• Assigned task: Produce an exact copy of all the data below, dropping every image.
╔══
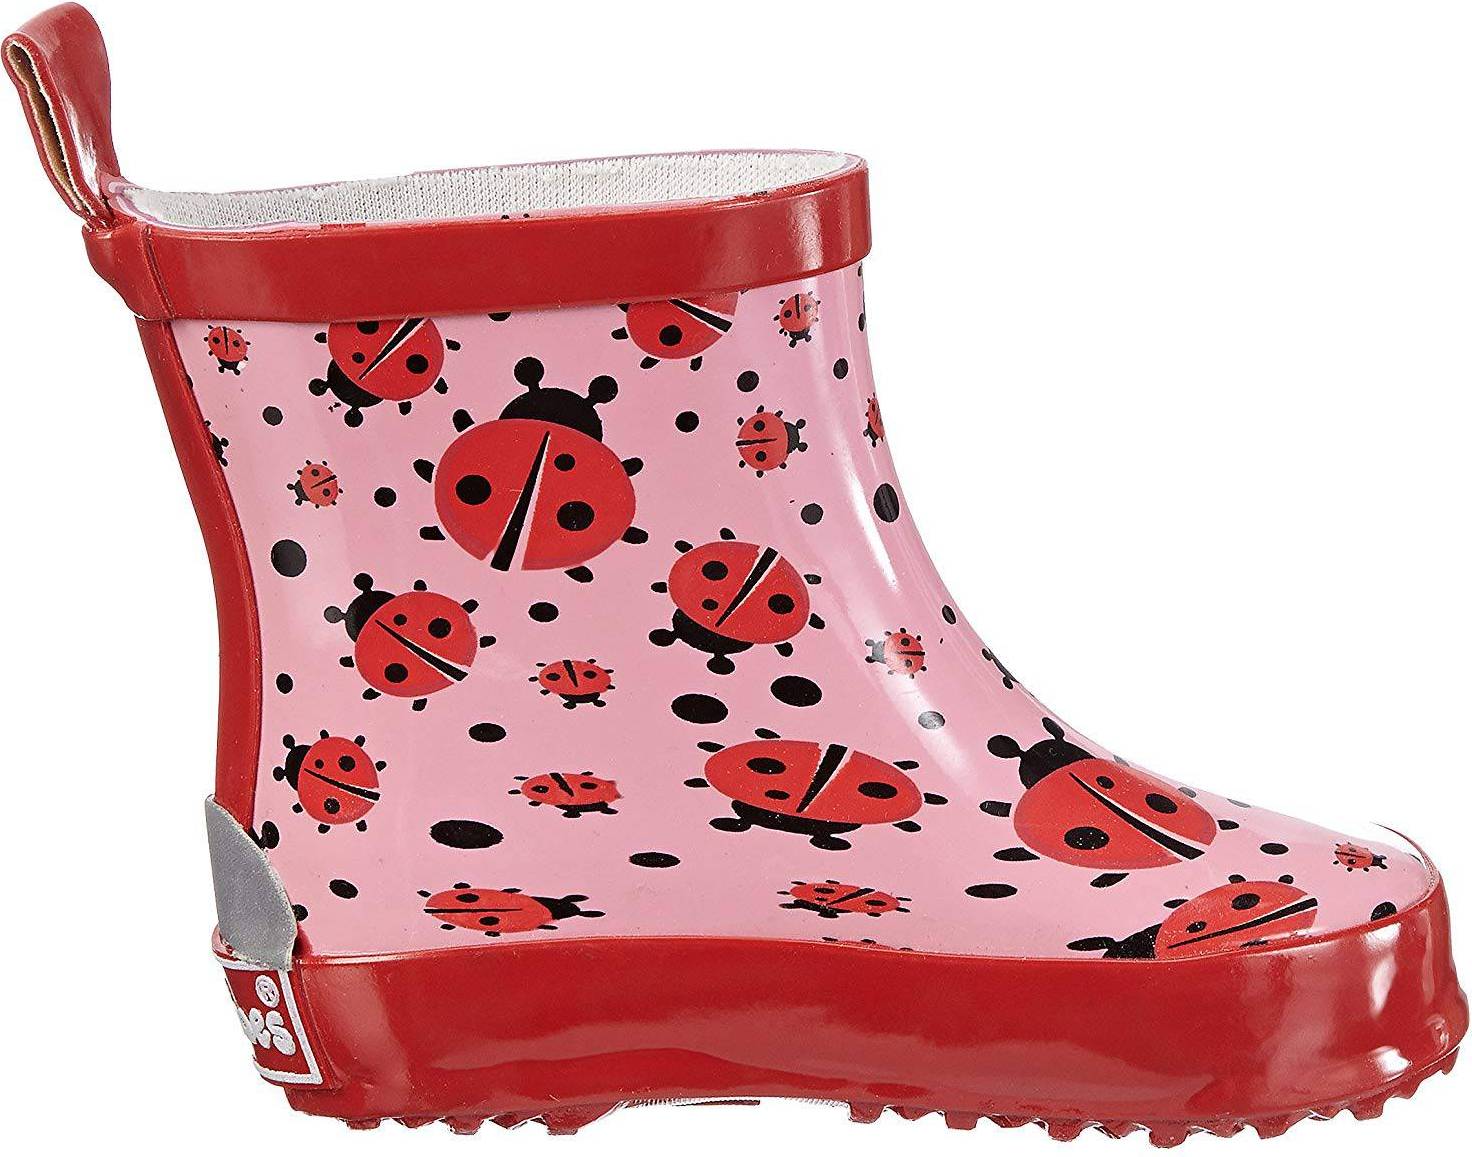  Bild på Playshoes Half Shaft Boots - Ladybug gummistövlar
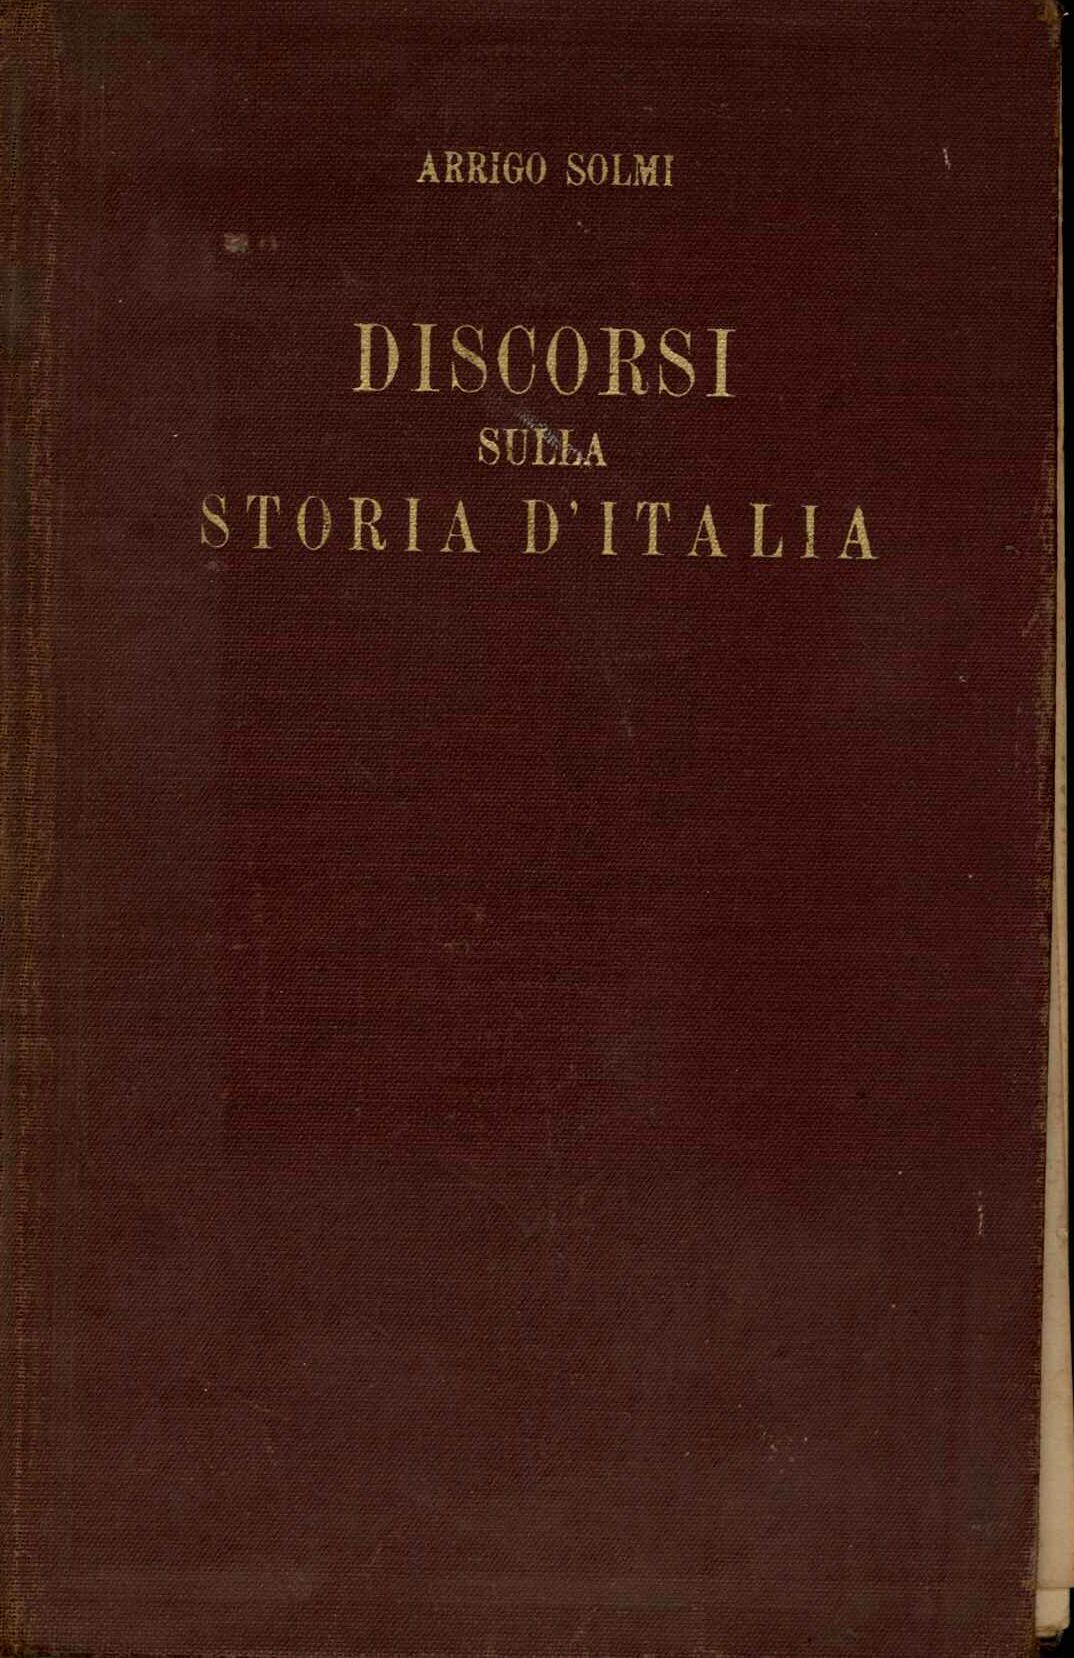 Discorsi sulla storia d'Italia
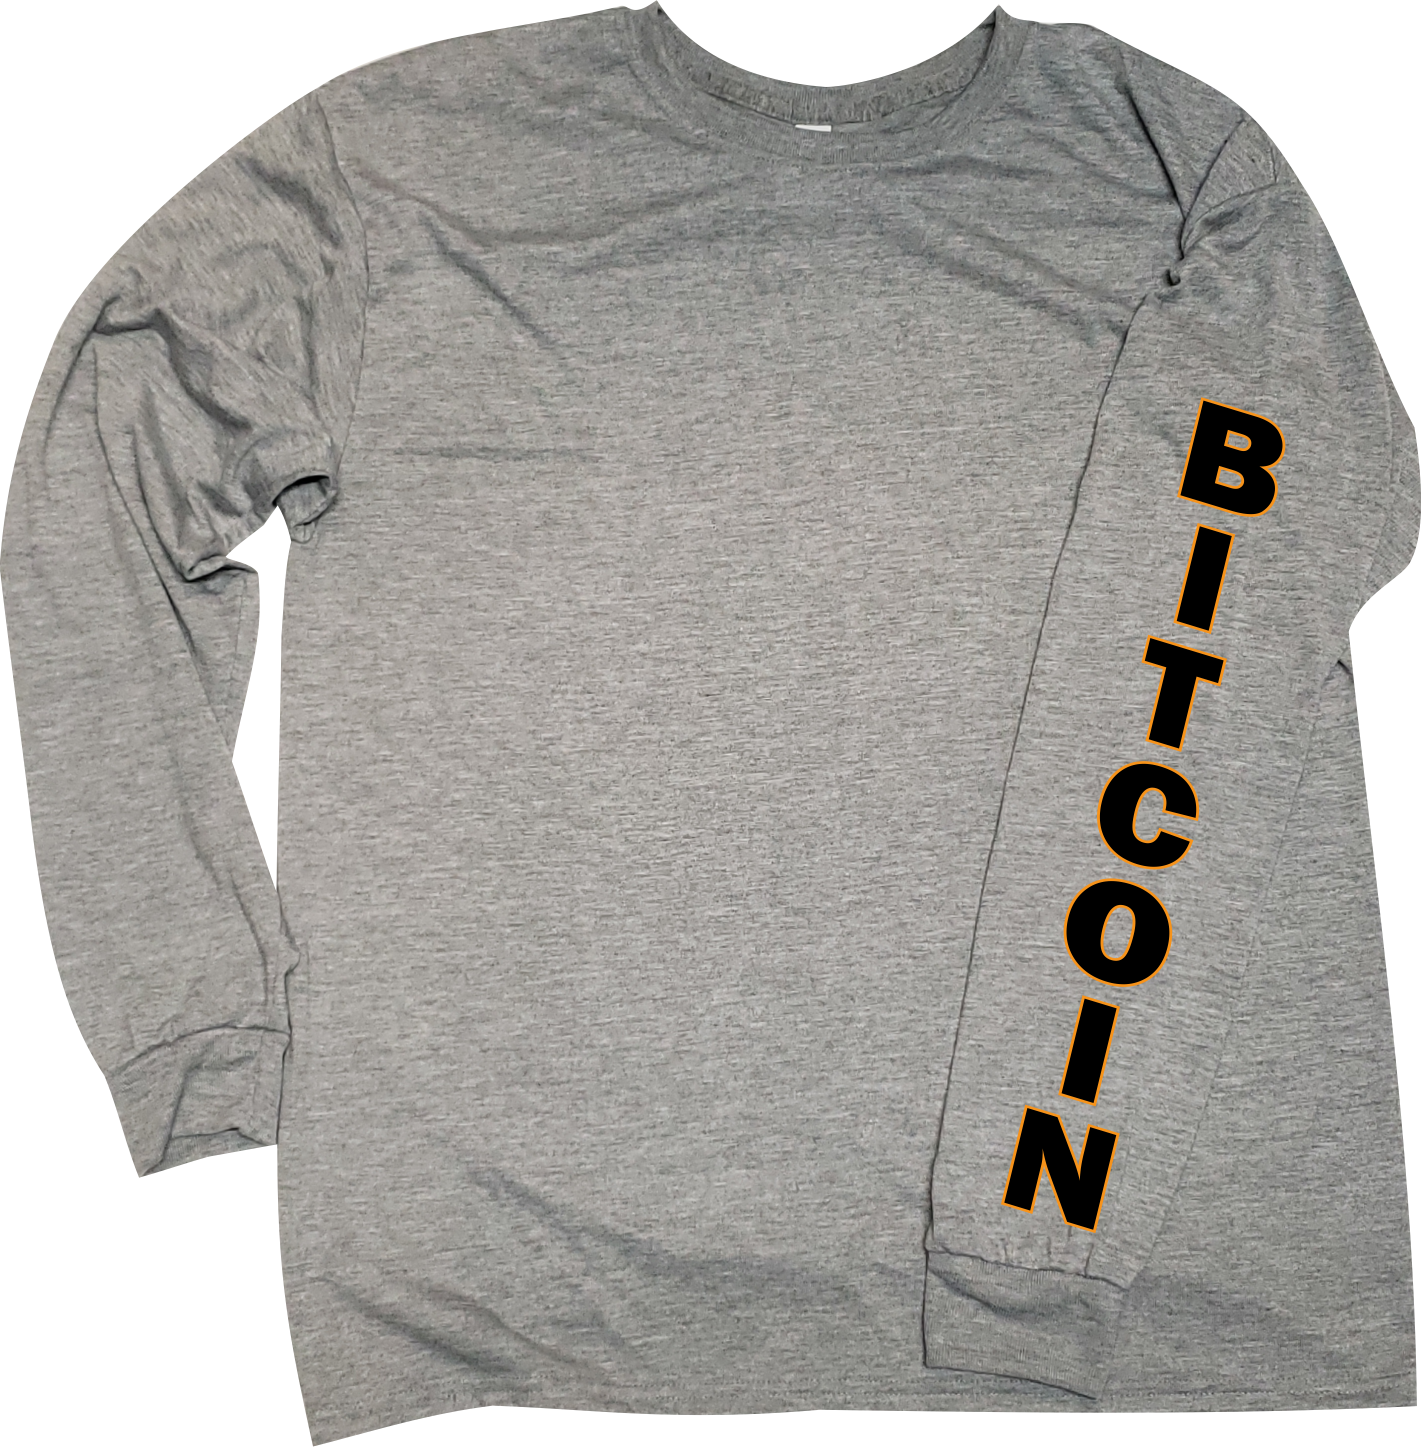 BadAss Bitcoin tshirt
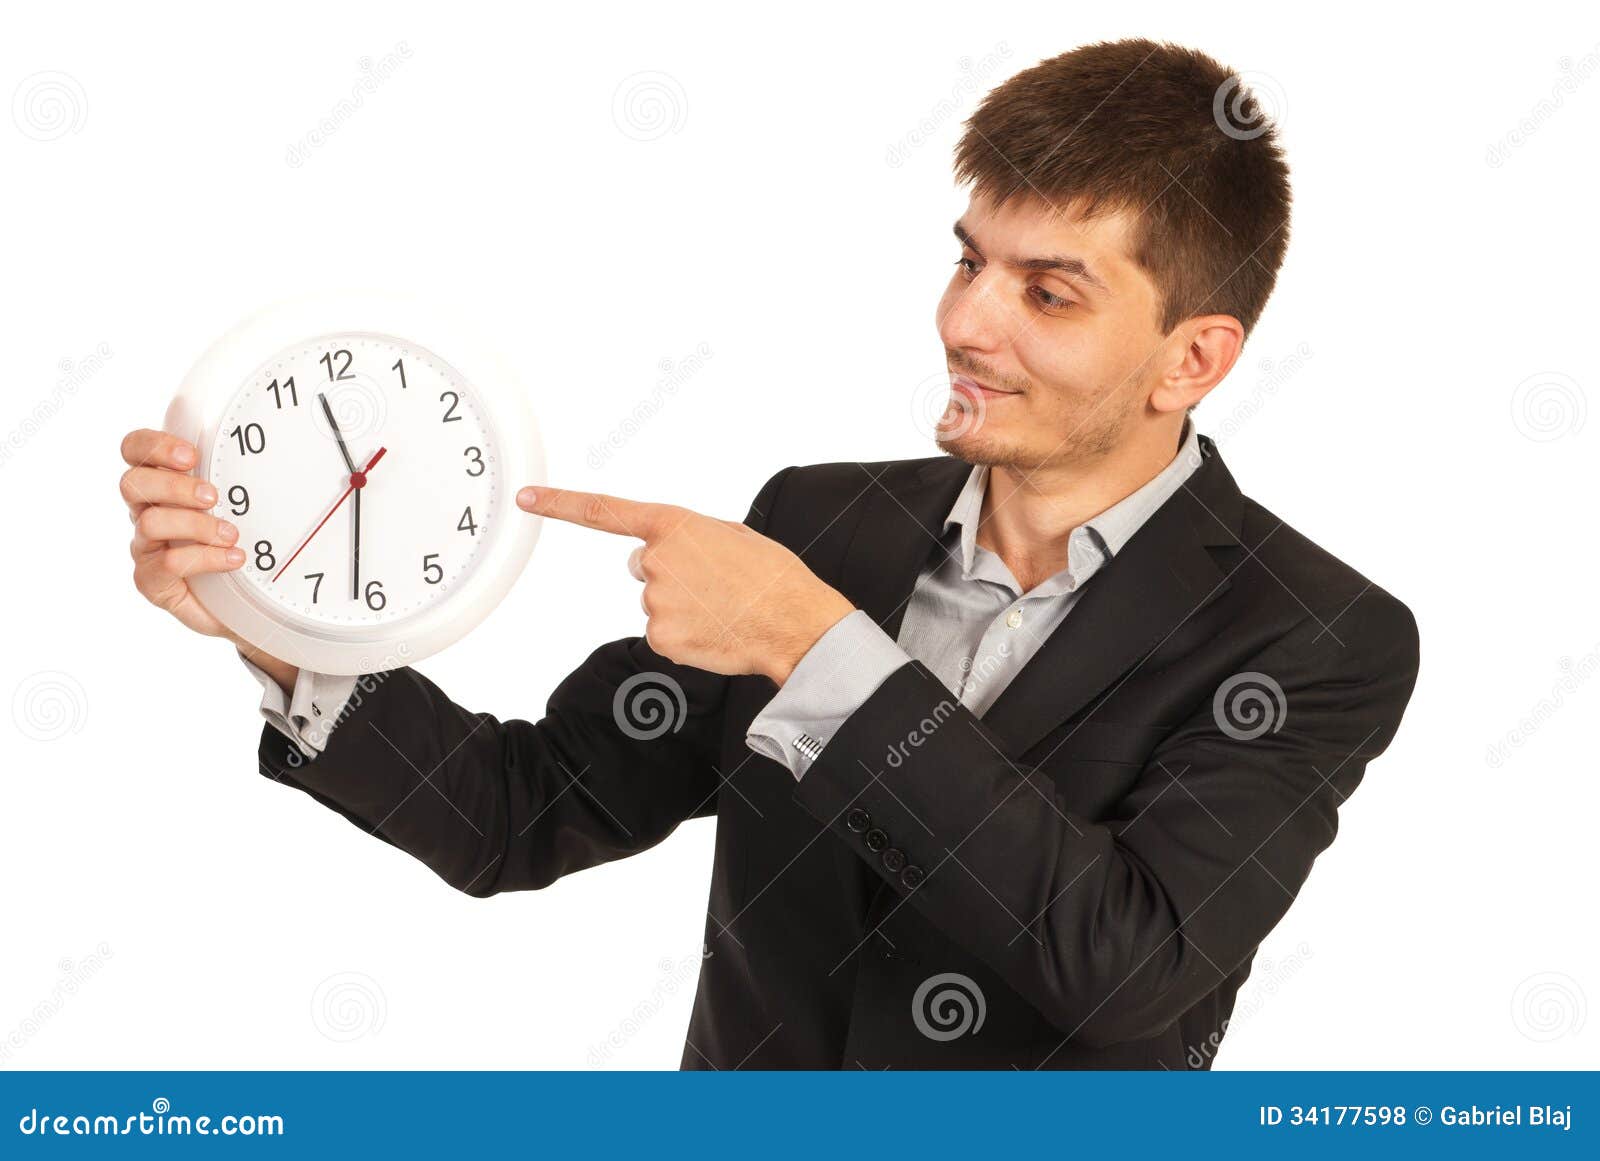 executive man indicate to clock
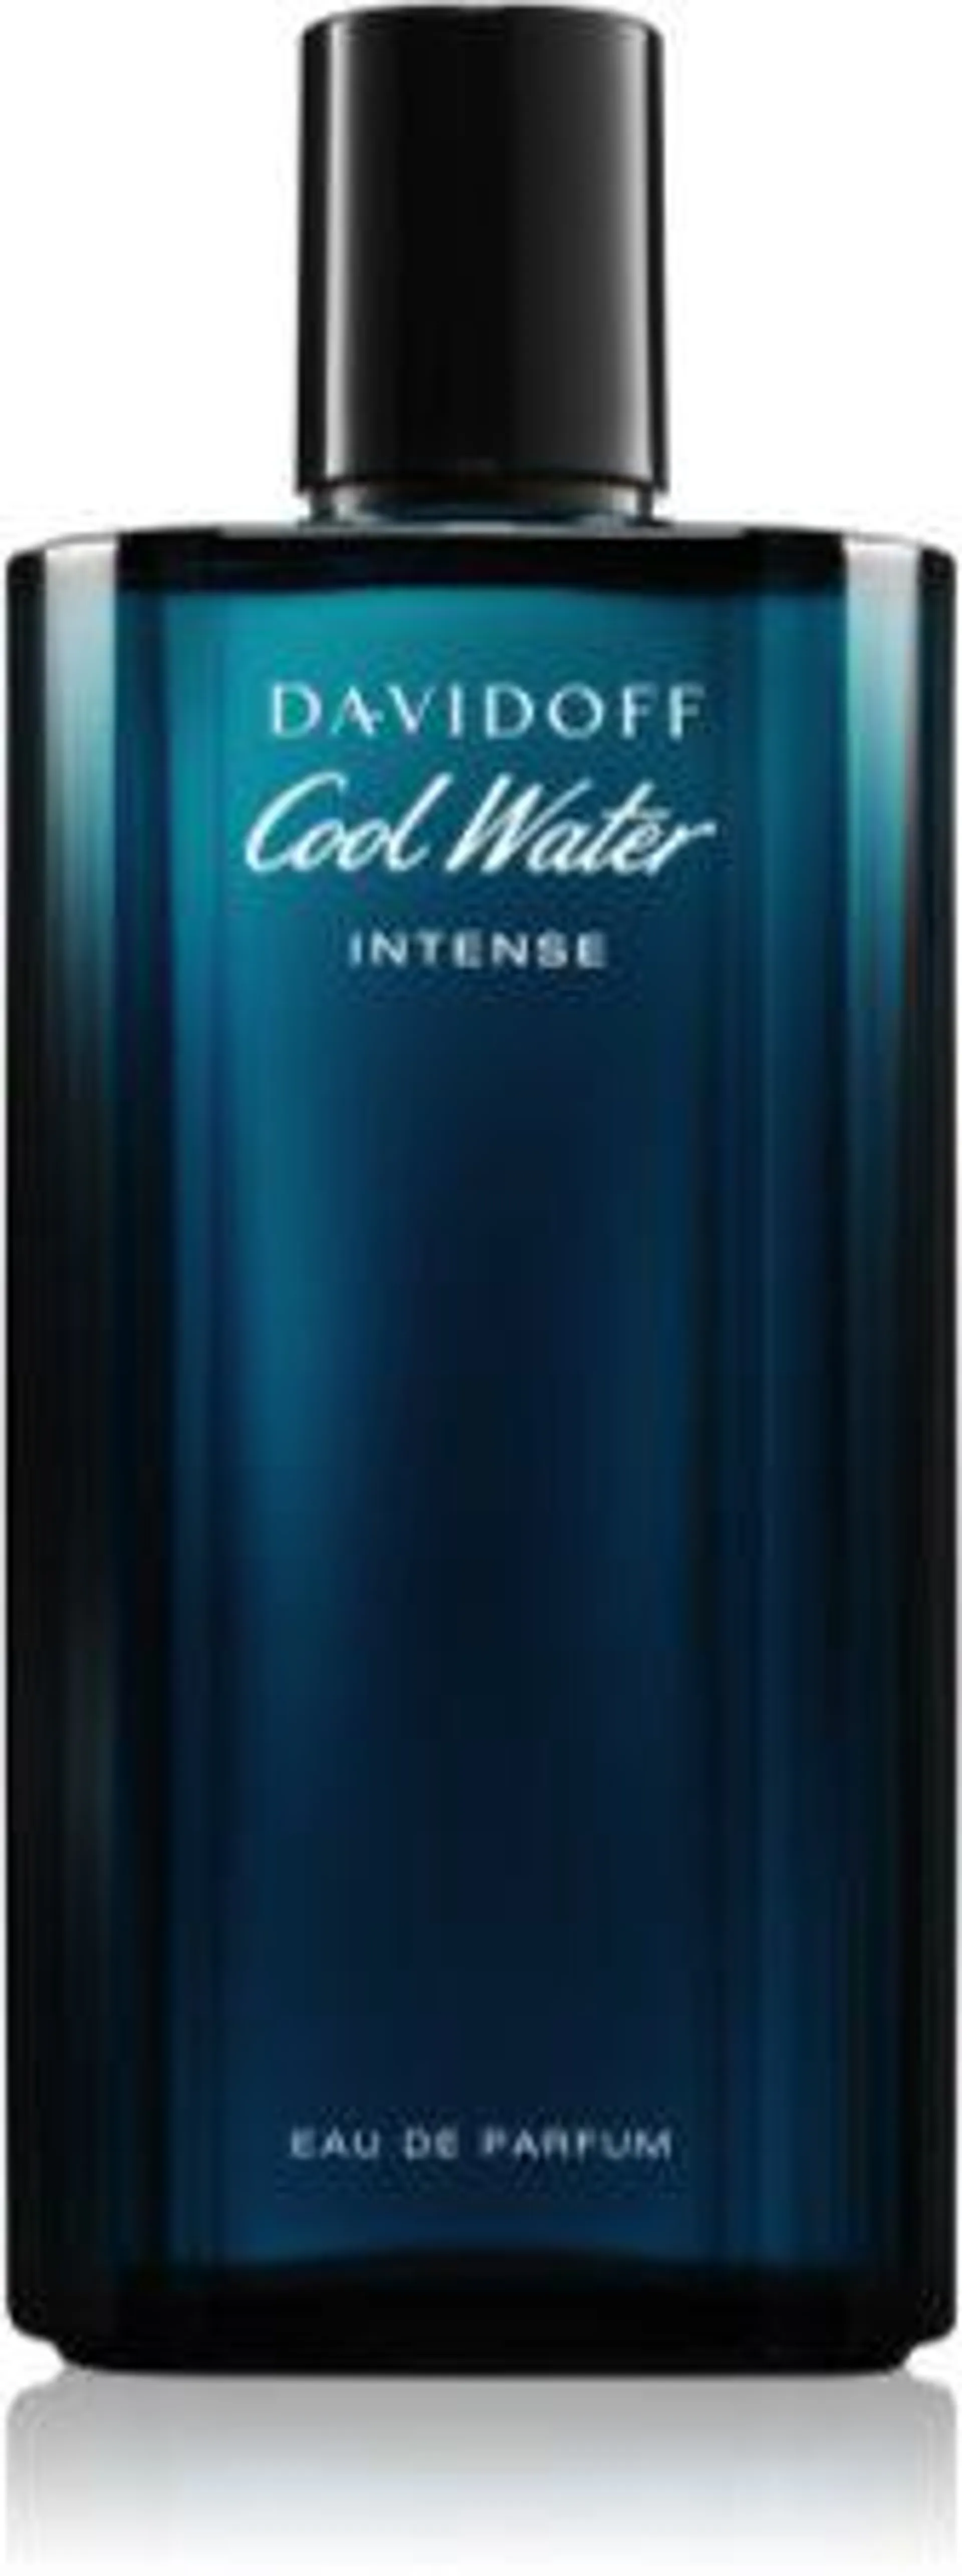 Cool Water Intense
╚══
• Response to the task:
  Bild på Playshoes Half Shaft Boots - Ladybug gummistövlar
 Discorsi sulla storia d'Italia
 BadAss Bitcoin tshirt
 executive man indicate to clock
 Cool Water Intense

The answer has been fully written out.